▶ Given material:
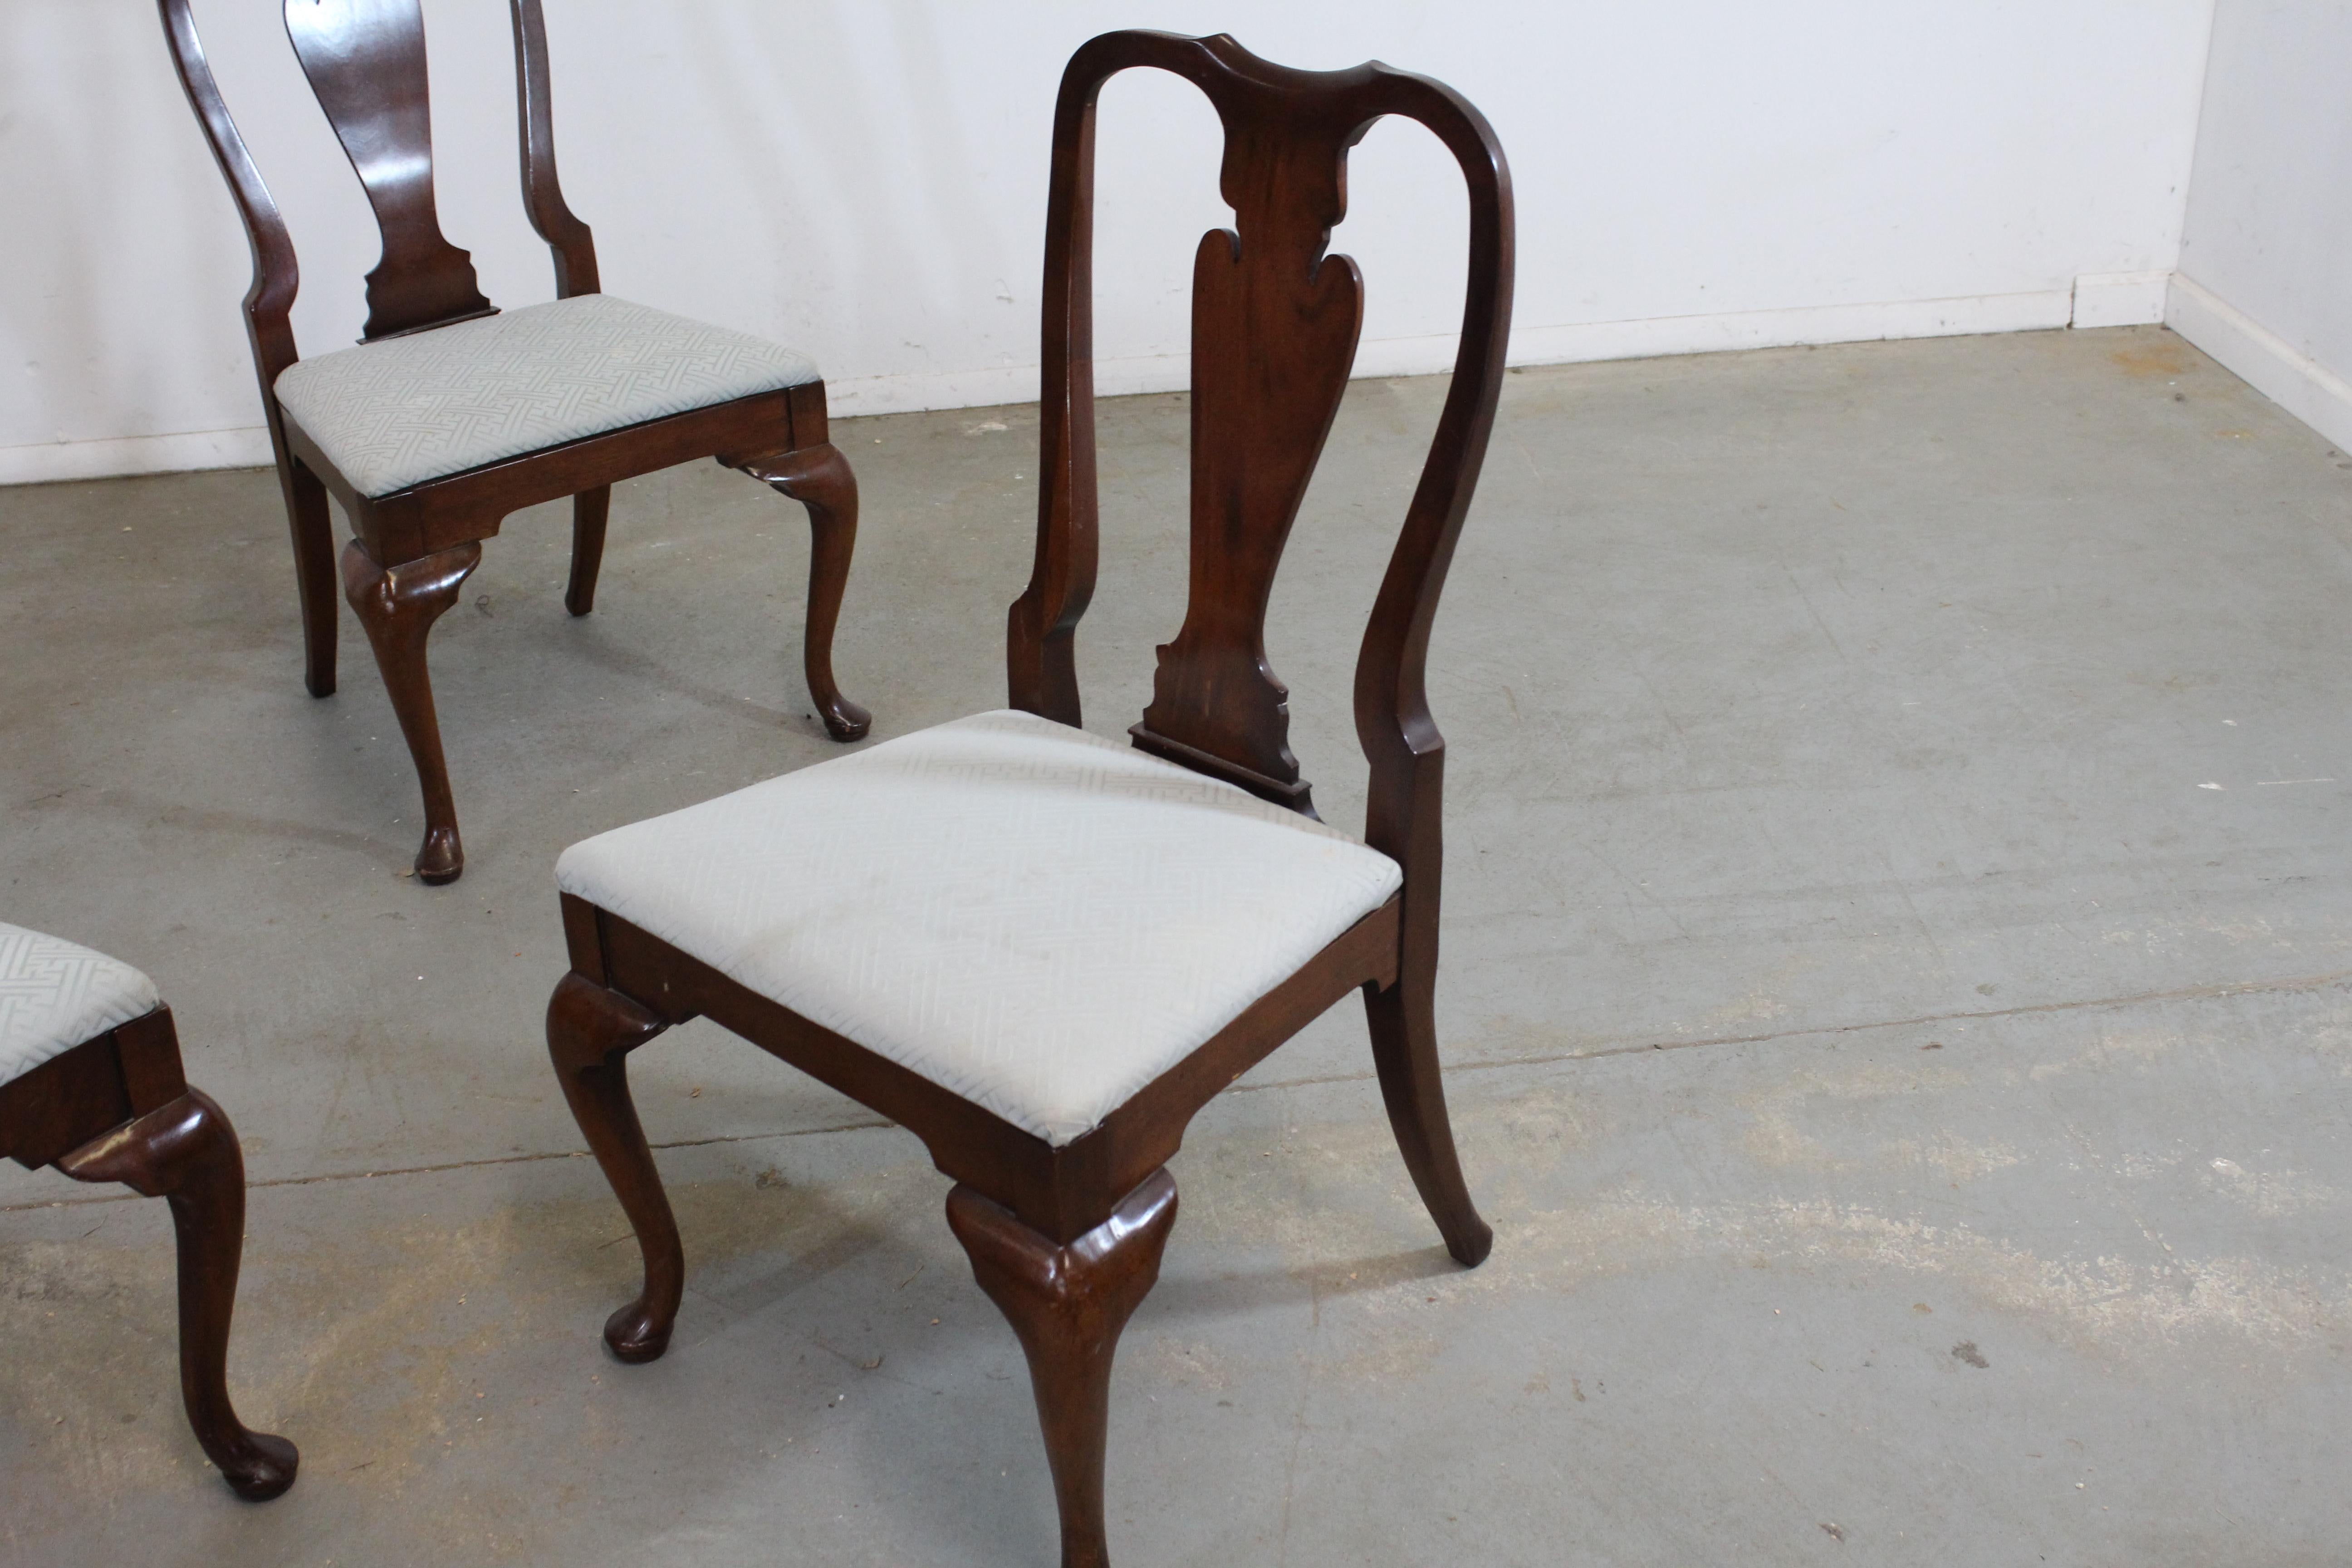 Set of 4 reproduction Queen Anne solid mahogany dining side chairs

Offered is a set of 4 reproduction Queen Anne solid mahogany dining side chairs. They are made of solid mahogany wood and have upholstered seats. In good condition for their age,
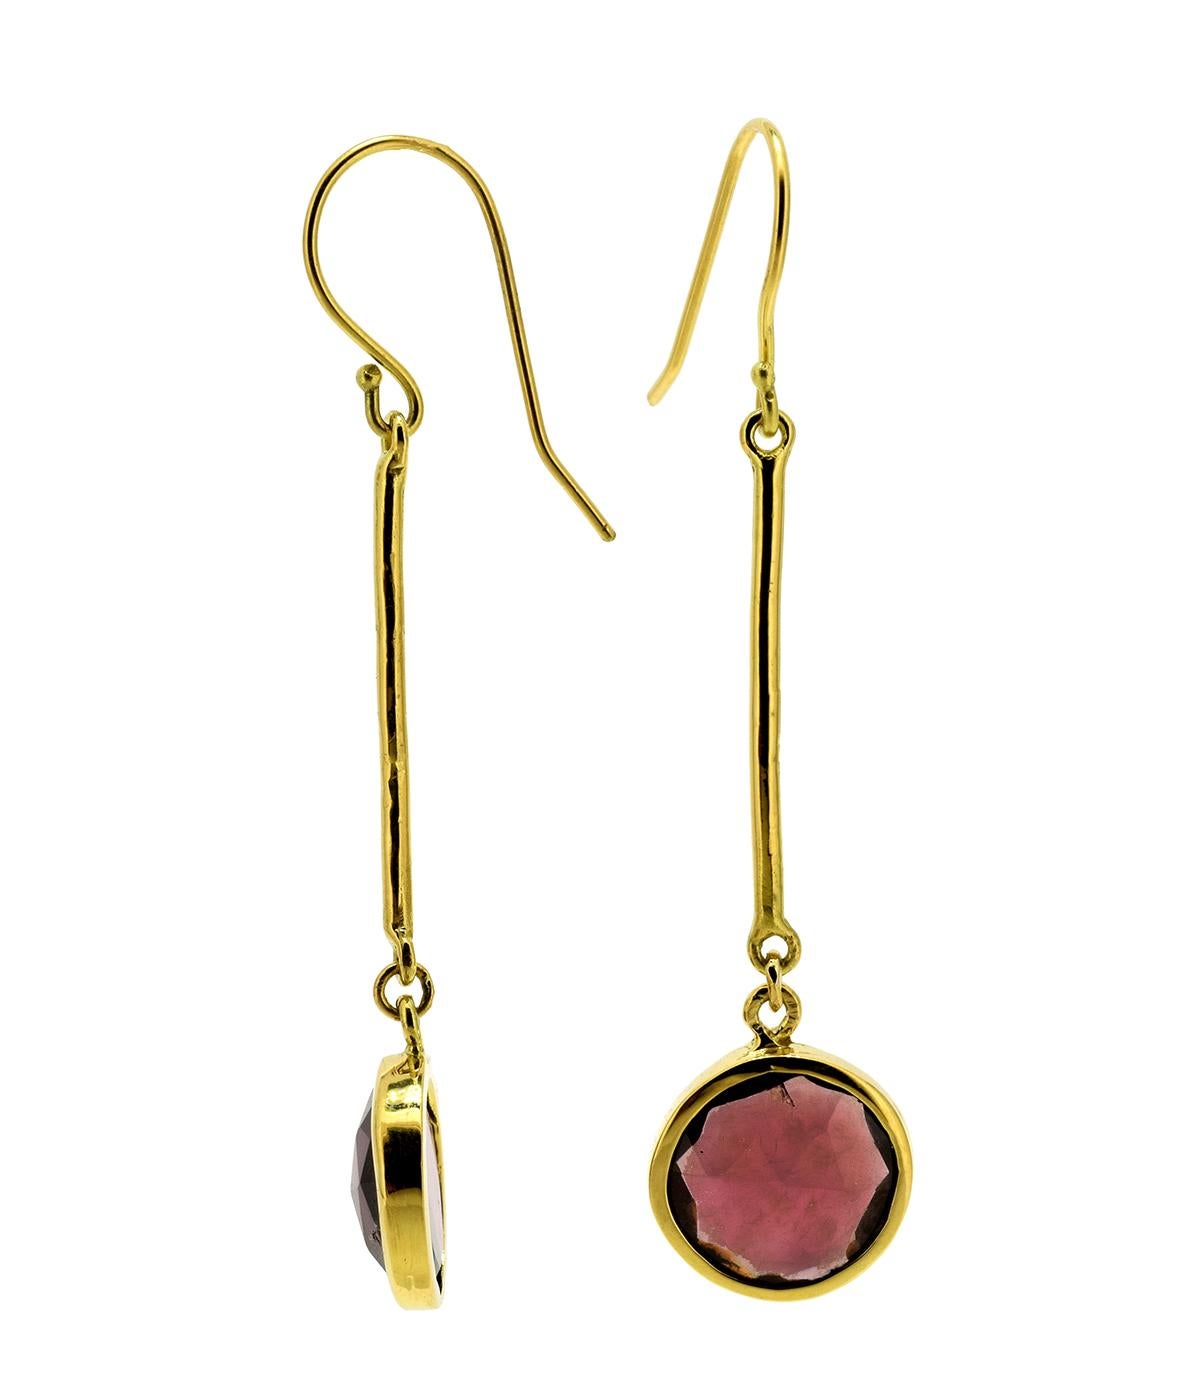 One-of-a-kind, 10mm round rosy faceted Rhondolites, which are in the garnet family (the name is derived from the Greek

▶ What to work on: Print every line above exactly. Leave the pictures out.

▶ Solved exercise:
 Set of 4 reproduction Queen Anne solid mahogany dining side chairs

Offered is a set of 4 reproduction Queen Anne solid mahogany dining side chairs. They are made of solid mahogany wood and have upholstered seats. In good condition for their age,
 One-of-a-kind, 10mm round rosy faceted Rhondolites, which are in the garnet family (the name is derived from the Greek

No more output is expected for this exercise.